Bausk E V, Graĭfer D M, Karpova G G
Mol Biol (Mosk). 1985 Mar-Apr;19(2):545-52.
Affinity labelling of E. coli ribosomes near the donor tRNA-binding (P) site was studied with the use of photoreactive derivatives of tRNAPhe bearing arylazidogroups on N7 atoms of guanine residues (azido-tRNA). UV-irradiation of complexes 70S ribosome.poly(U).azido- tRNA(P-site) and 70S ribosome.poly(U).azido-tRNA(P-site).Phe- tRNAPhe(A-site) resulted in covalent attachment of azido-tRNA to ribosomes, both subunits being labelled. In both cases modification extent of 30S subunit was two-fold than that of the 50S one. It was shown that when the A-site was free the azido-tRNA located in P-site labelled proteins S9, S11, S12, S13, S21 and L14, L27, L31. Azido-tRNA located in P-site when the A-site was occupied with Phe-tRNAPhe labelled proteins S11, S12, S13, S14, S19, L32/L33 and possibly L23, L25. From the comparison of the sets of proteins labelled when A-site was free or occupied a conclusion was drawn that aminoacyl-tRNA located in ribosomal A-site affects the arrangement of deacylated tRNA in P-site. Data obtained allow to propose that proteins S5, S19, S20 and L24, L33 interact with guanine residues important for the tRNA tertiary structure formation.

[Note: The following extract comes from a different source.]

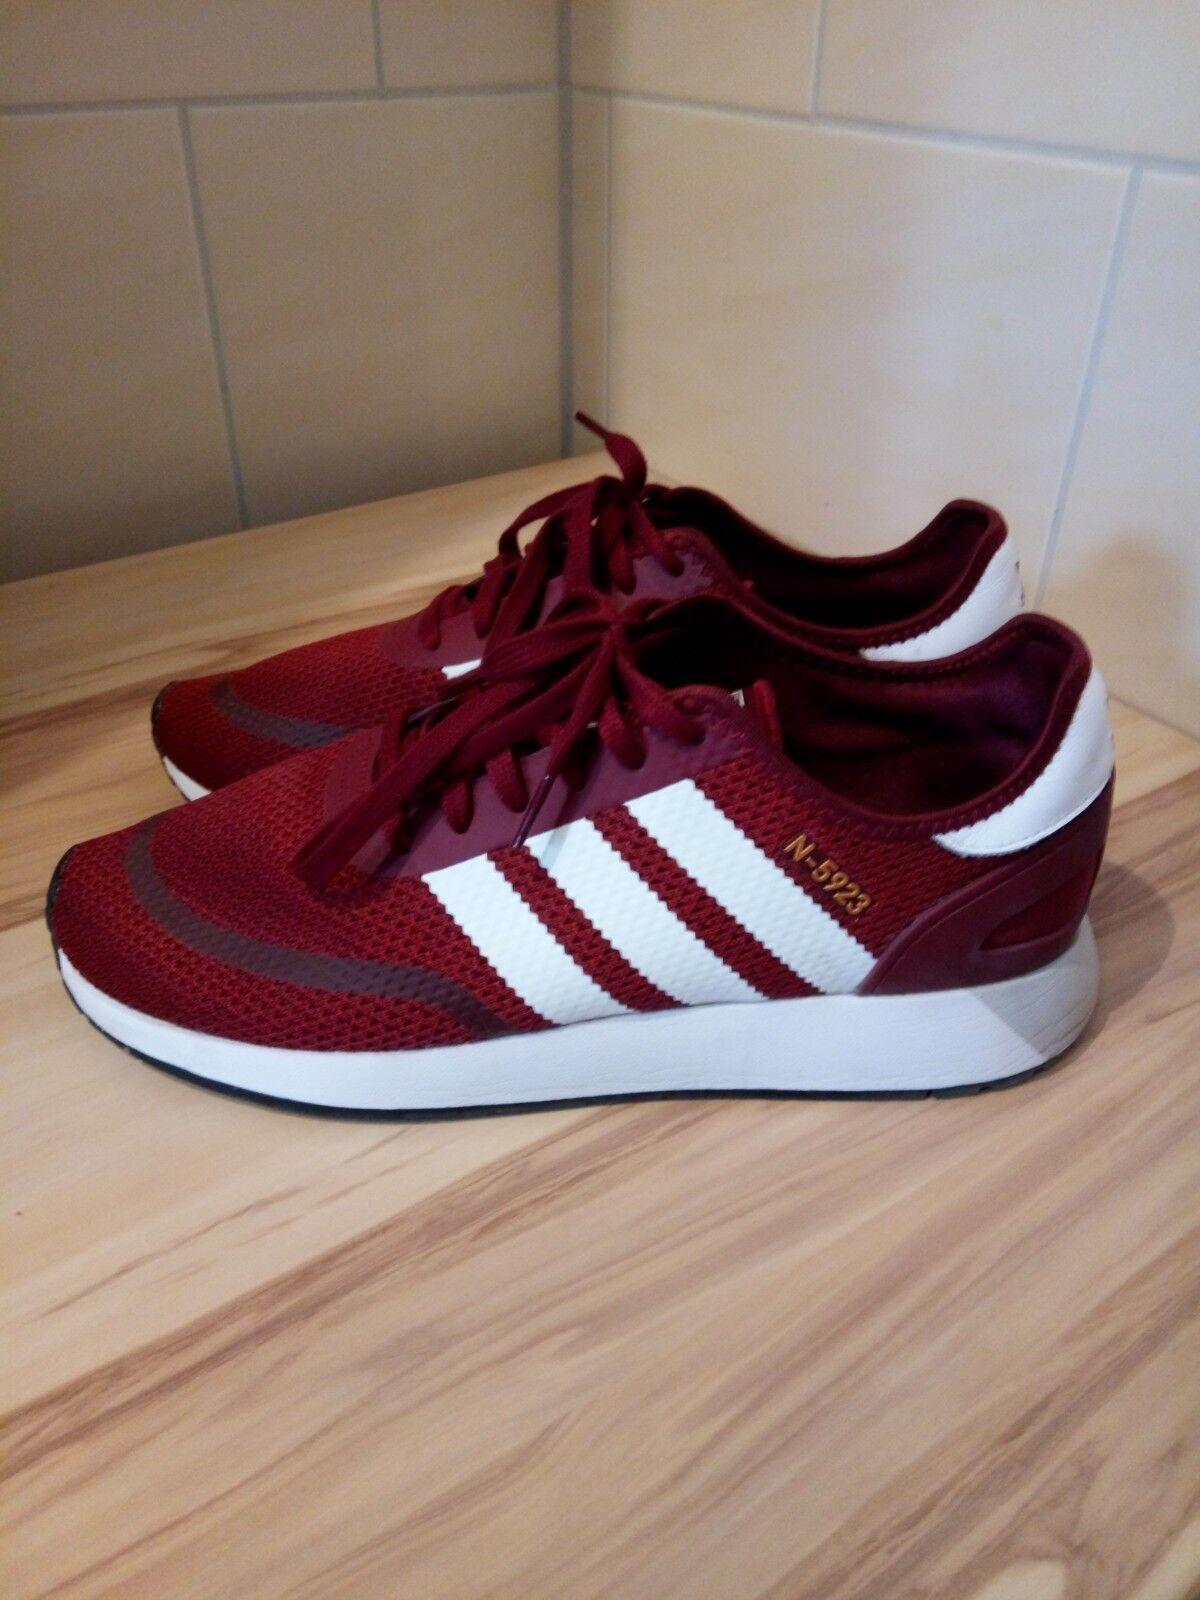 Adidas ultraboost i 5923 44 2/3 rot sneaker nmd ultraboost Adidas iniki 056872

利用在鸟嘌呤残基的N7原子上带有芳基叠氮基团的苯丙氨酸tRNA的光反应性衍生物(叠氮基-tRNA),研究了大肠杆菌核糖体在供体tRNA结合(P)位点附近的亲和标记。对70S核糖体·聚(U)·叠氮基-tRNA(P位点)和70S核糖体·聚(U)·叠氮基-tRNA(P位点)·苯丙氨酸-tRNA(A位点)复合物进行紫外线照射,导致叠氮基-tRNA与核糖体共价结合,两个亚基均被标记。在这两种情况下,30S亚基的修饰程度是50S亚基的两倍。结果表明,当A位点空闲时,位于P位点的叠氮基-tRNA标记了蛋白质S9、S11、S12、S13、S21以及L14、L27、L31。当A位点被苯丙氨酸-tRNA占据时,位于P位点的叠氮基-tRNA标记了蛋白质S11、S12、S13、S14、S19、L32/L33以及可能的L23、L25。通过比较A位点空闲或被占据时标记的蛋白质组,得出结论:位于核糖体A位点的氨酰-tRNA会影响P位点去酰化tRNA的排列。所获得的数据表明,蛋白质S5、S19、S20以及L24、L33与对tRNA三级结构形成重要的鸟嘌呤残基相互作用。